A softer version of this has existed since word processing and Xerox machines (copiers) took off, in law and regulations. Tax code, zoning code etc exploded in complexity once words became immensely easy to create and copy.

dexterlagan - a day ago

We've been through many technological revolutions, in computing alone, through the past 50 years. The rate of progress of LLMs and AI in general over the past 2 years alone makes me think that this may be unwarranted worry and akin to premature optimization. Also, it seems to be rooted in a slightly out of date, human understanding of the tech/complexity debt problem. I don't really buy it. Yes complexity will increase as a result of LLM use. Yes eventually code will be hard to understand. That's a given, but there's no turning back. Let that sink in: AI will never be as limited as it is today. It can only get better. We will never go back to a pre-LLM world, unless we obliterate all technology by some catastrophy. Today we can already grok nearly any codebase of any complexity, get models to write fantastic documentation and explain the finer points to nearly anybody. Next year we might not even need to generate any docs, the model built in the codebase will answer any question about it, and will semi-autonomously conduct feature upgrades or more.

Staying realistic, we can say with some confidence that within the next 6-12 months alone, there are good reasons to believe that local, open source models will equate their bigger cloud cousins in coding ability, or get very close. Within the next year or two, we will quite probably see GPT6 and Sonnet 5.0 come out, dwarfing all the models that came before. With this, there is a high probability that any comprehension or technical debt accumulated over the past year or more will be rendered completely irrelevant.

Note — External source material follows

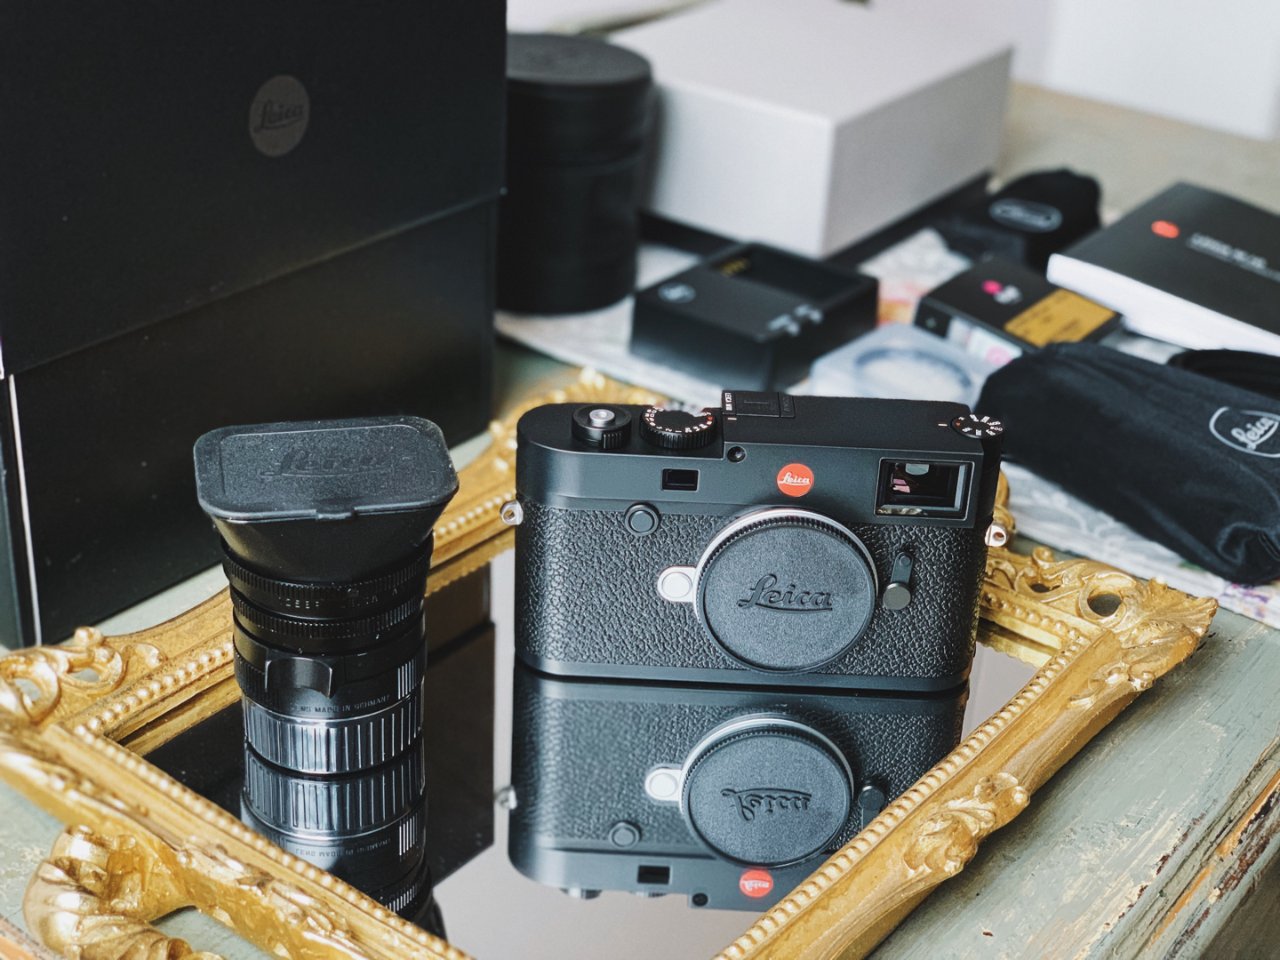 Leica 徕卡,leica M,相机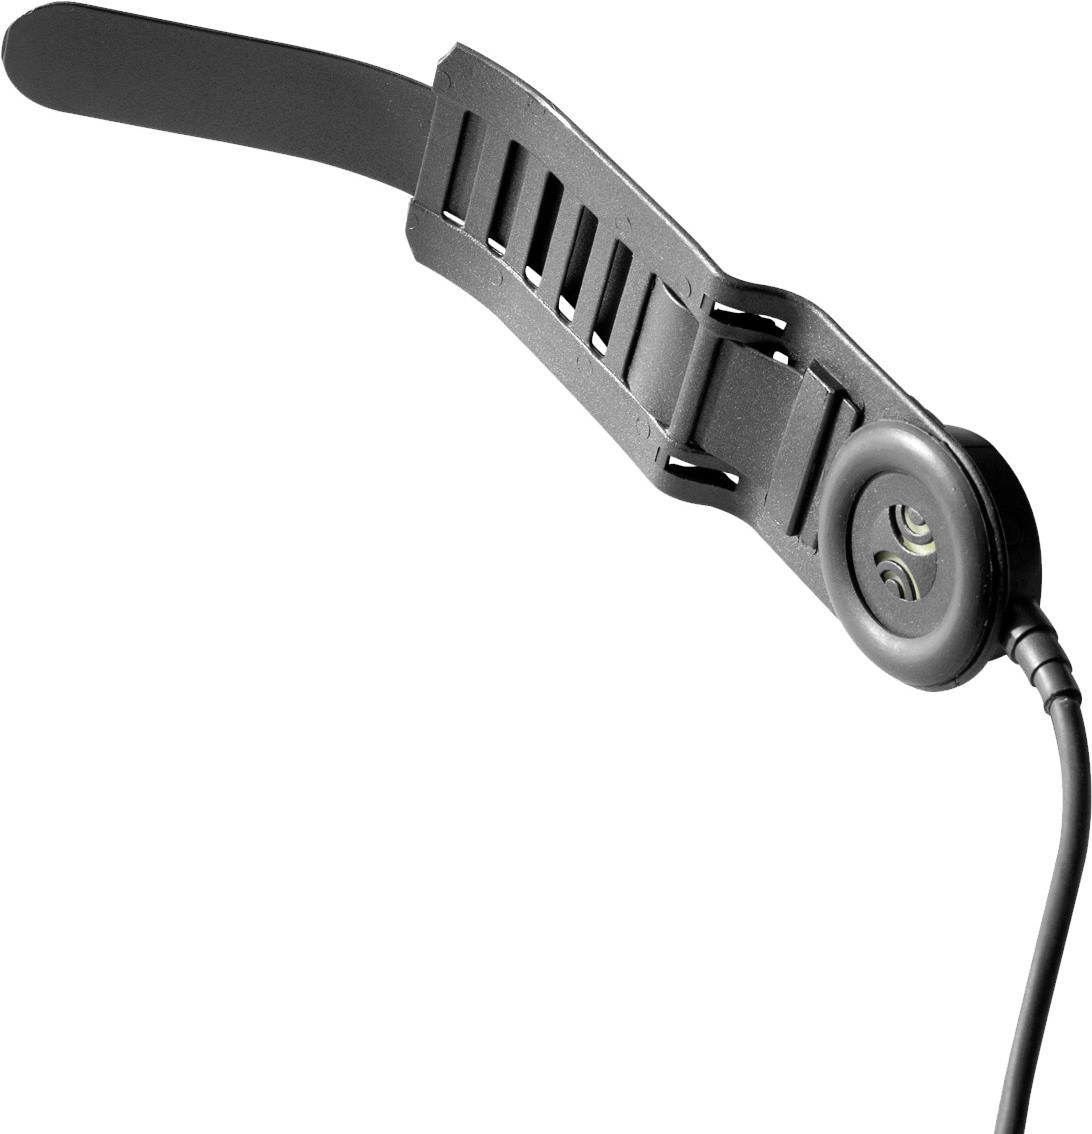 Savox HC-E Helmgarnitur, IP56, Spiralkabel, sprachempf.Elektretmikro am Hörer, Nexus 1 Hörer (verbessert) mit integriertem sprachempfindlichenElektretmikrofon (geräuschfilternd), mit Nexus Schnell-trennstecker zum Anschluss einer PTT-Einheit mit Funk

The benefits given by any development made until then, even sloppy, should more than make up for the downside caused by tech debt or any kind of overly high complexity problem. Even if I'm dead wrong, and we hit a ceiling to LLM's ability to grok huge/complex codebases, it is unlikely to appear within the next few months. Additionally, behind closed doors the progress made is nothing short of astounding. Recent research at Stanford might quite simply change all of these naysayers' mind.

__mharrison__ - 2 days ago

My experience has been that LLMs help me make sense of new code much faster than before.

When I really need to understand what's happening with code, I generally will write it each step.

LLMs make it much easier for me to do this step and more. I've used LLMs to quickly file PRs for new (to me) code bases.

kristianc - 2 days ago

Soon a capable LLM will have enough training material to spit out LLMs are atrophying coding skills / LLM code is unmaintainable/ LLM code is closing down opportunities for juniors / LLMs do the fun bits of coding pieces on demand.

A lot of these criticisms are valid and I recognise there's a need for people to put their own personal stake in the ground as being one of the "true craftsmen" but we're now at the point where a lot of these articles are not covering any real new ground.

At least some individual war stories about examples where people have tried to apply LLMs would be nice, as well as not pretending that the problem of sloppy code didn't exist before LLMs.

injidup - 2 days ago

Shouldn't you be getting the LLM to also generate test cases to drive the code and also enforce coding standards on the LLM to generate small easily comprehensible software modułes with high quality inline documentation.

Is this something people are doing?

estimator7292 - 2 days ago

At my first programmer job, a large majority of the code was written by a revolving door of interns allowed to push to main with no oversight. Much of the codebase was unknown and irreplaceable, which meant it slowly degraded and crumbled over the years. Even way back then, everyone knew the entire project was beyond salvage and needed to be rewritten from scratch.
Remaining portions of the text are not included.